Collected material —
+ + +

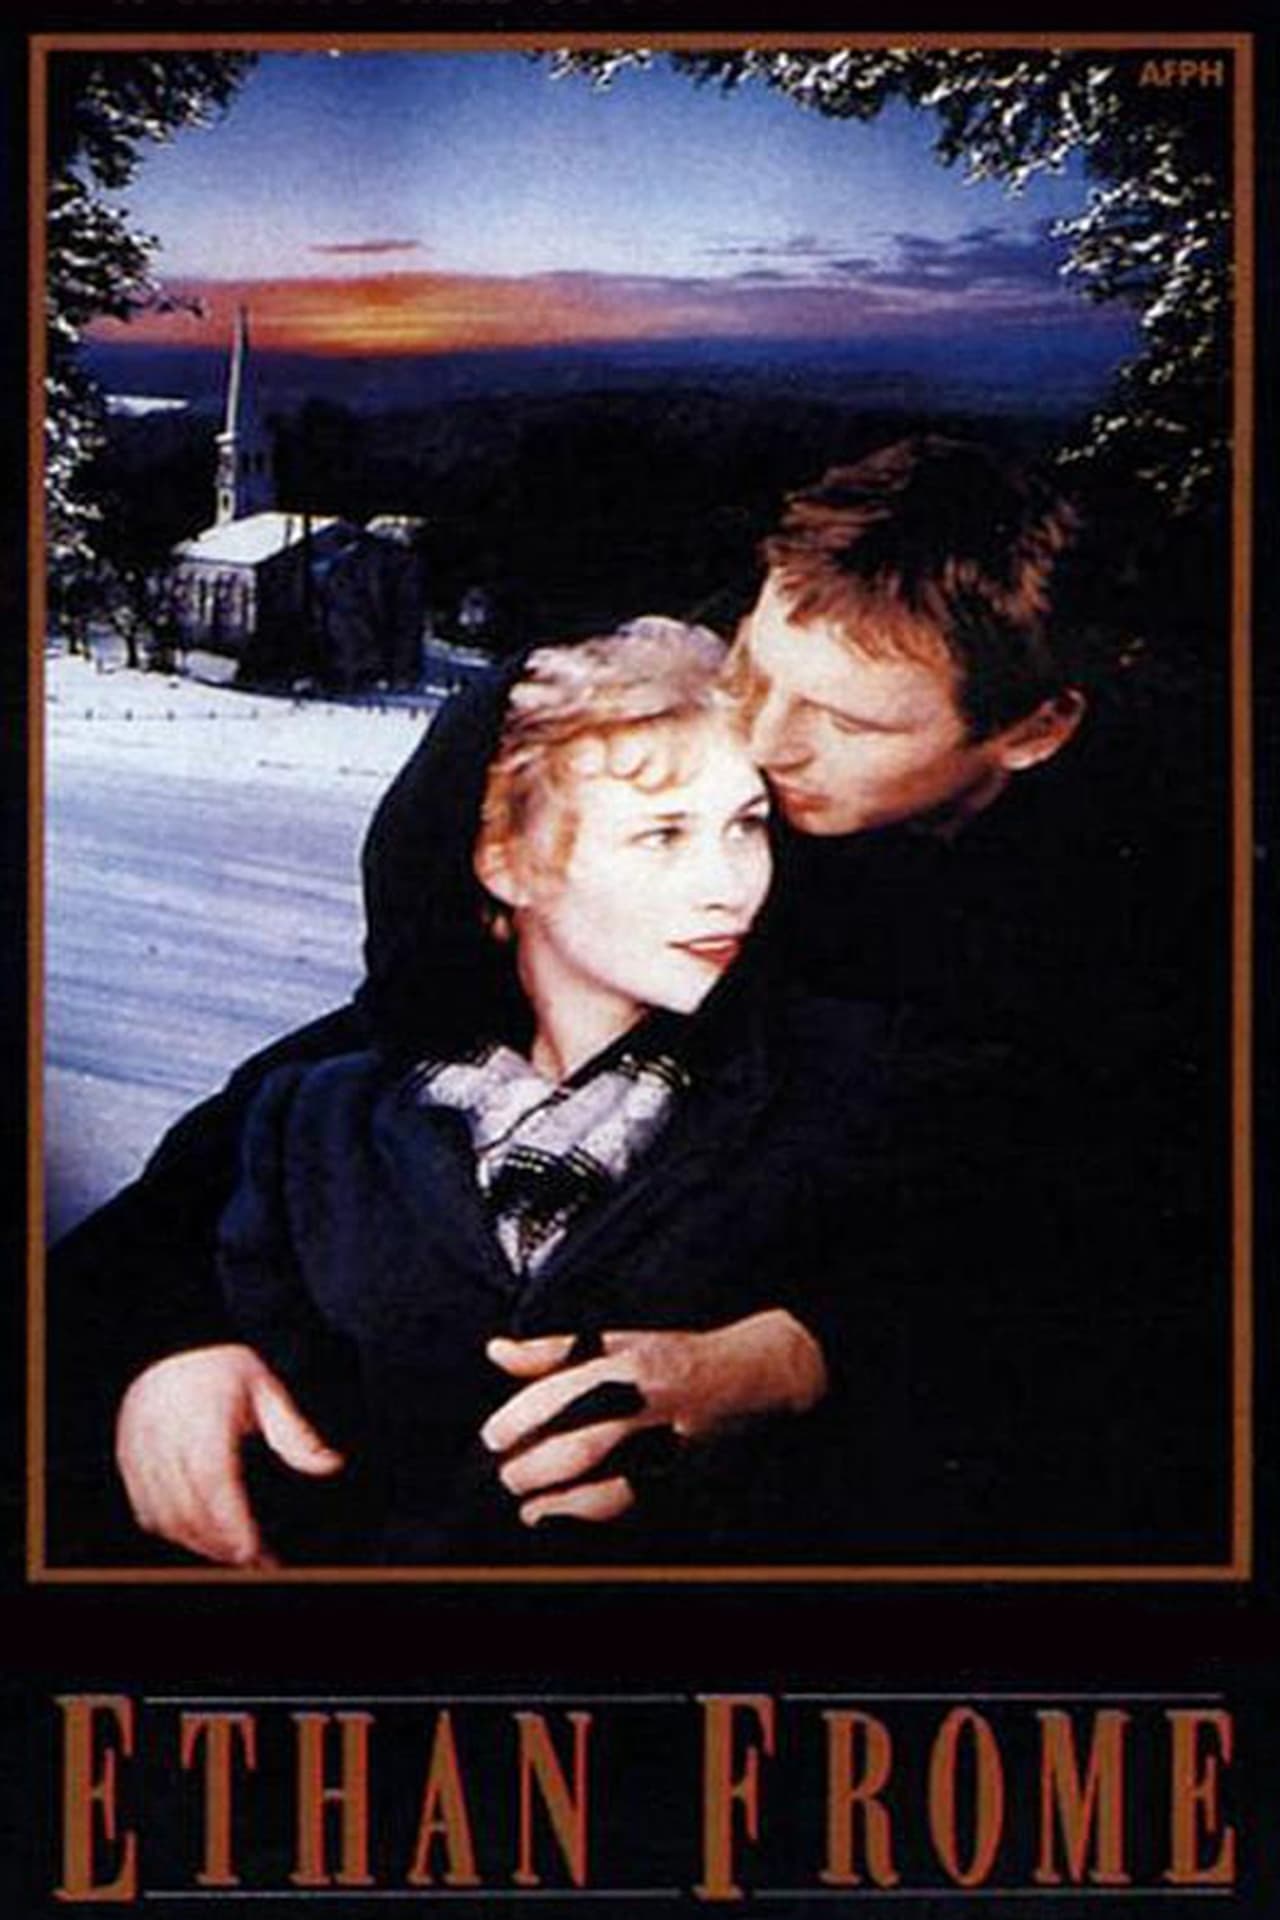 ethan frome movie review
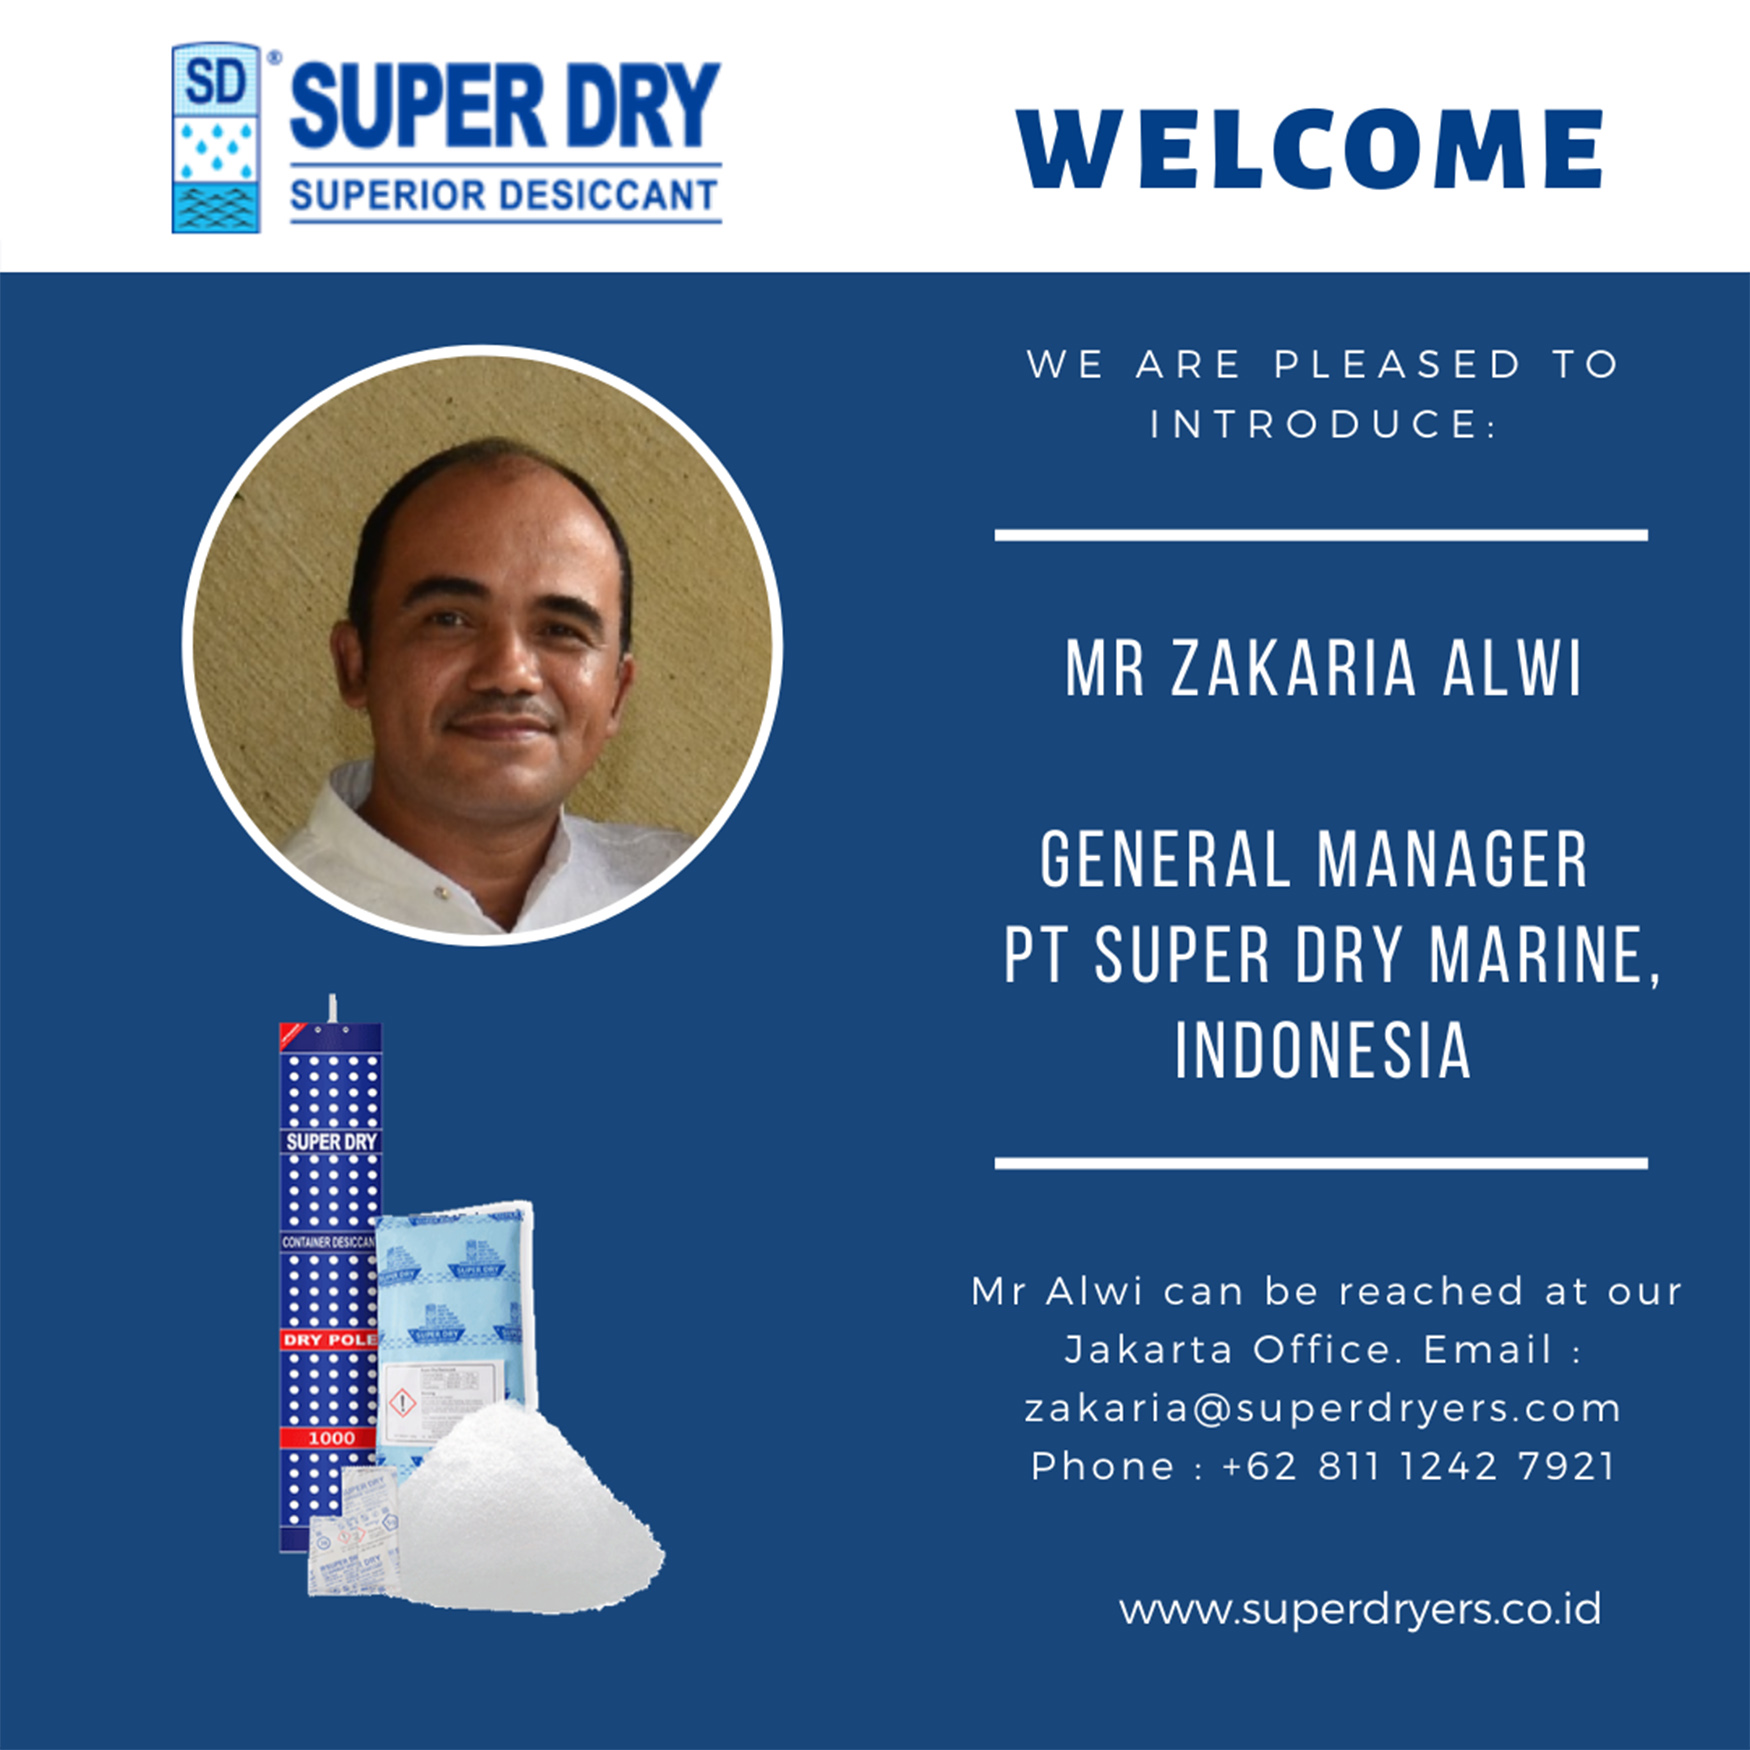 Announcement for new General Manager of PT Super Dry Marine
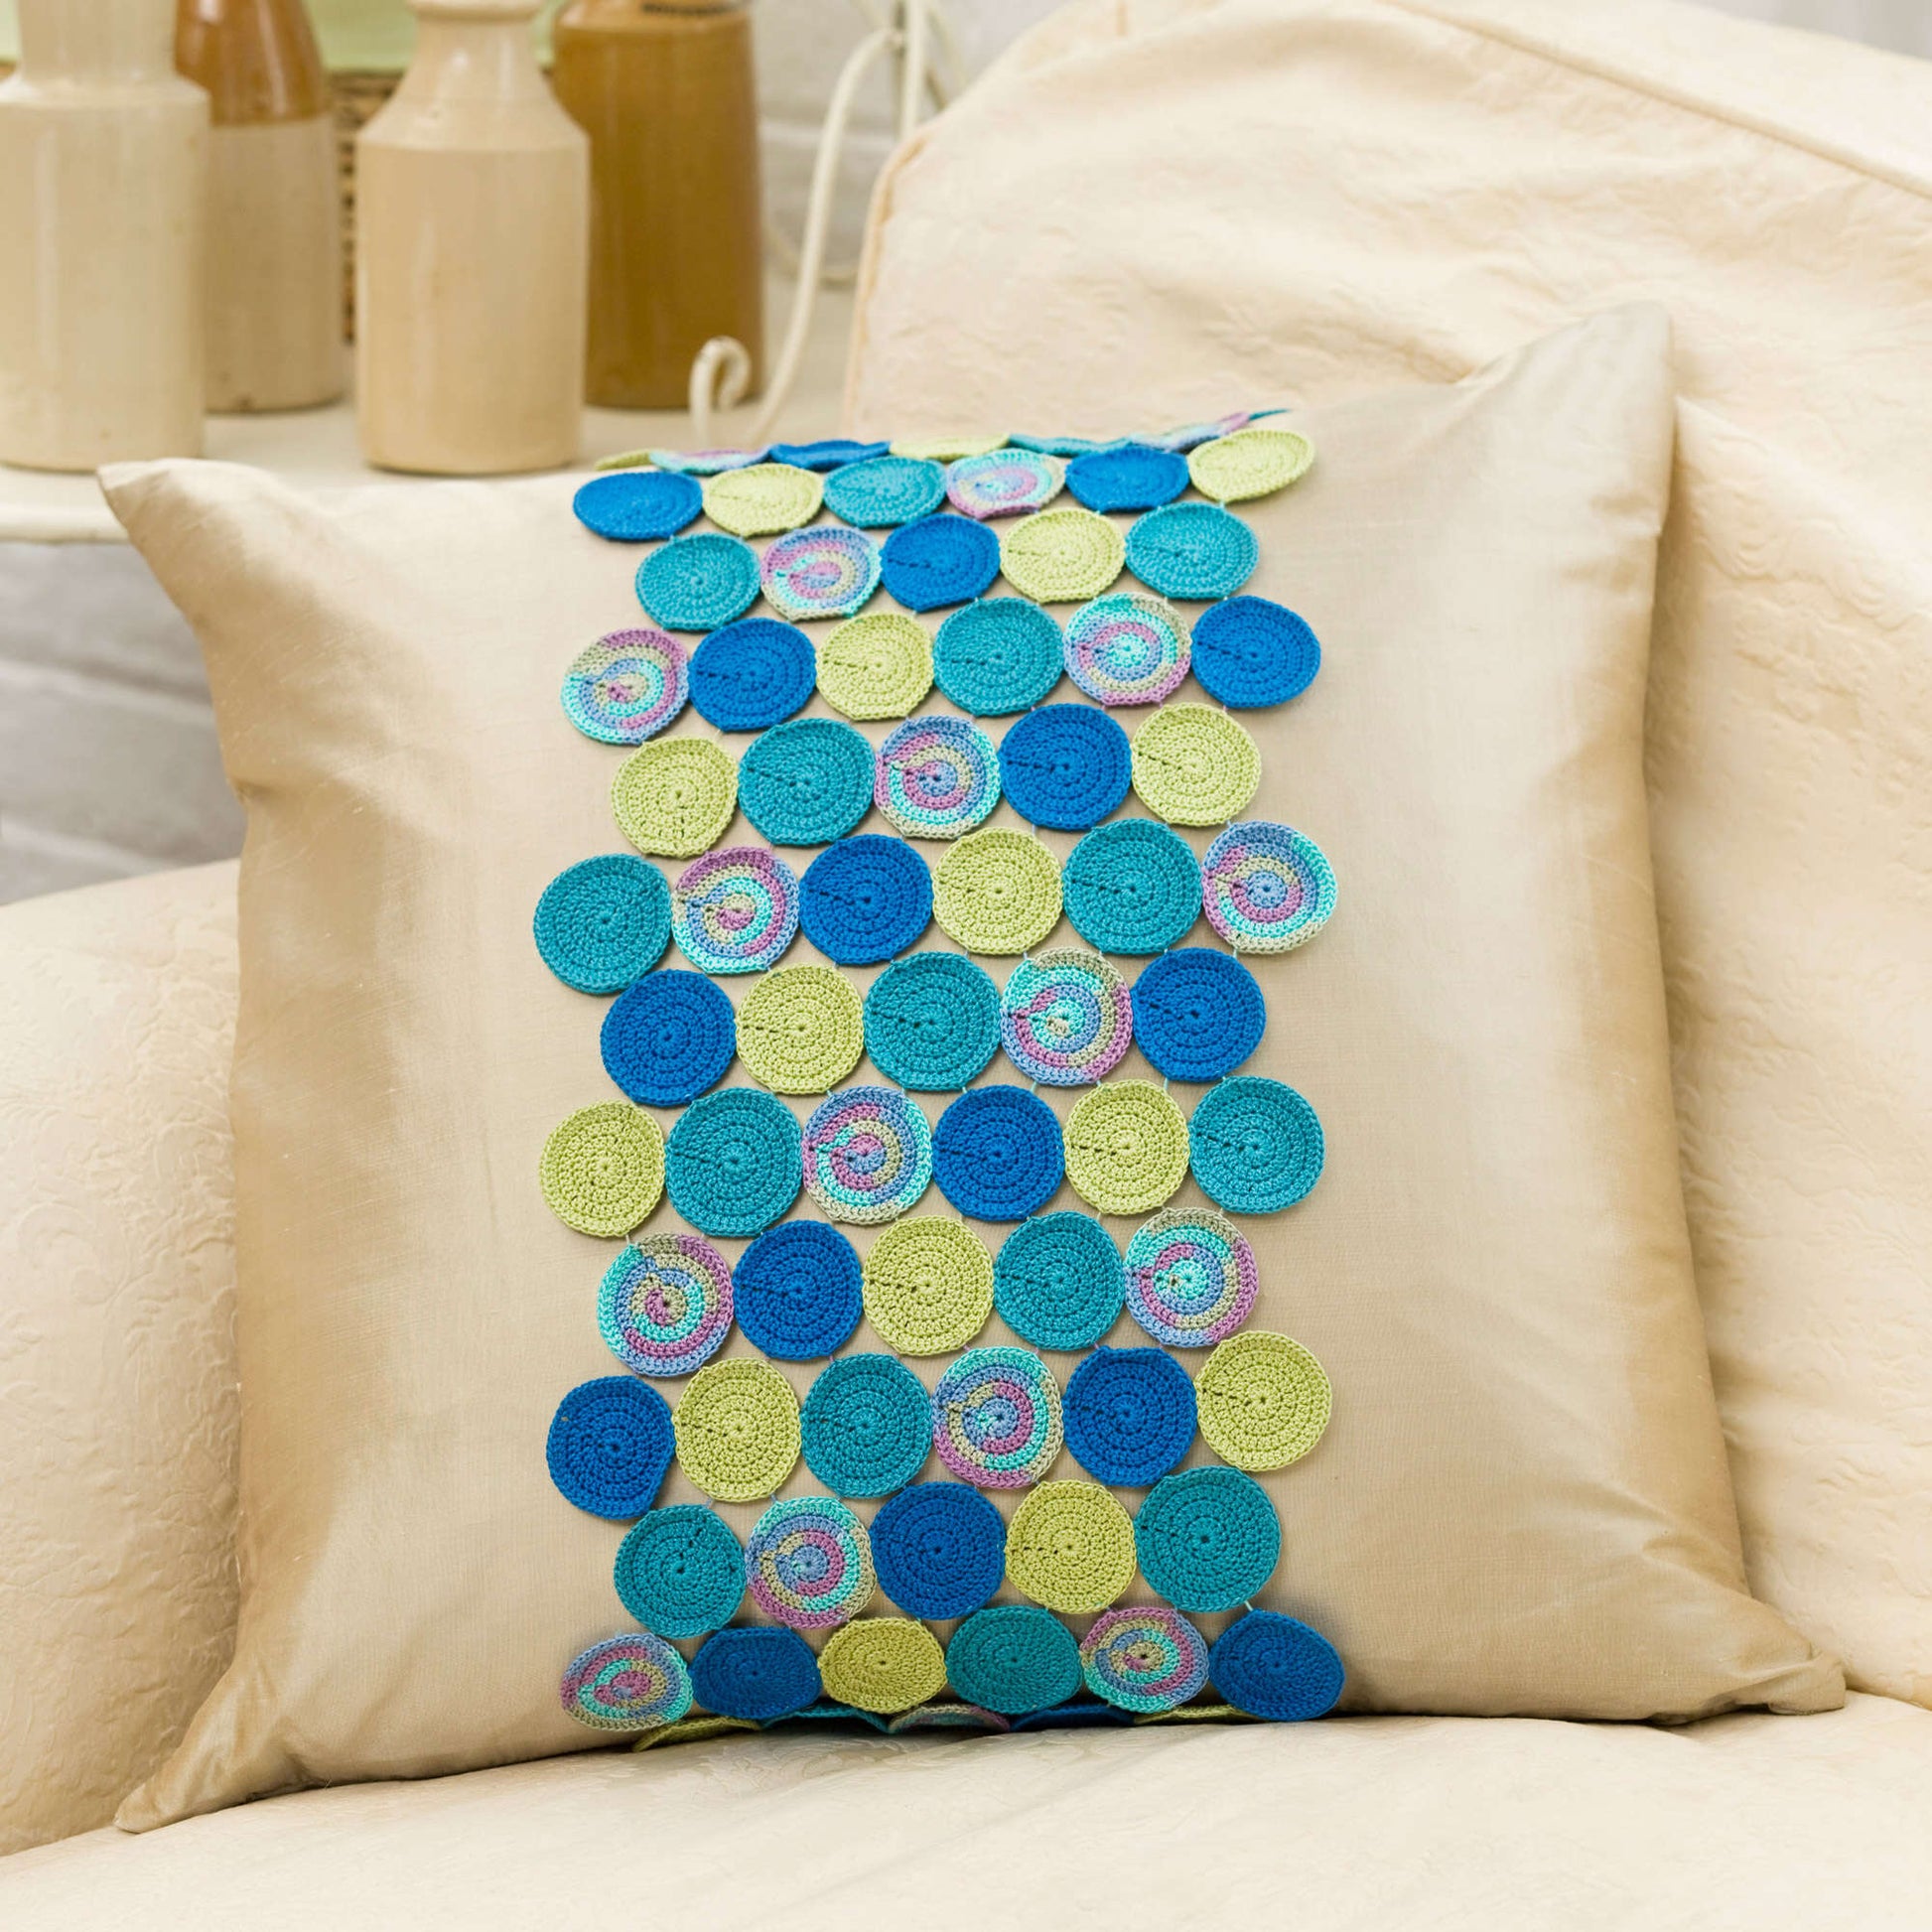 Free Aunt Lydia's Circling Accent Pillow Crochet Pattern

+ + +

Work item — Copy out every line of the data above, taking care to leave the pictures out.

Output for this exercise —
 ethan frome movie review
 Announcement for new General Manager of PT Super Dry Marine
 Free Aunt Lydia's Circling Accent Pillow Crochet Pattern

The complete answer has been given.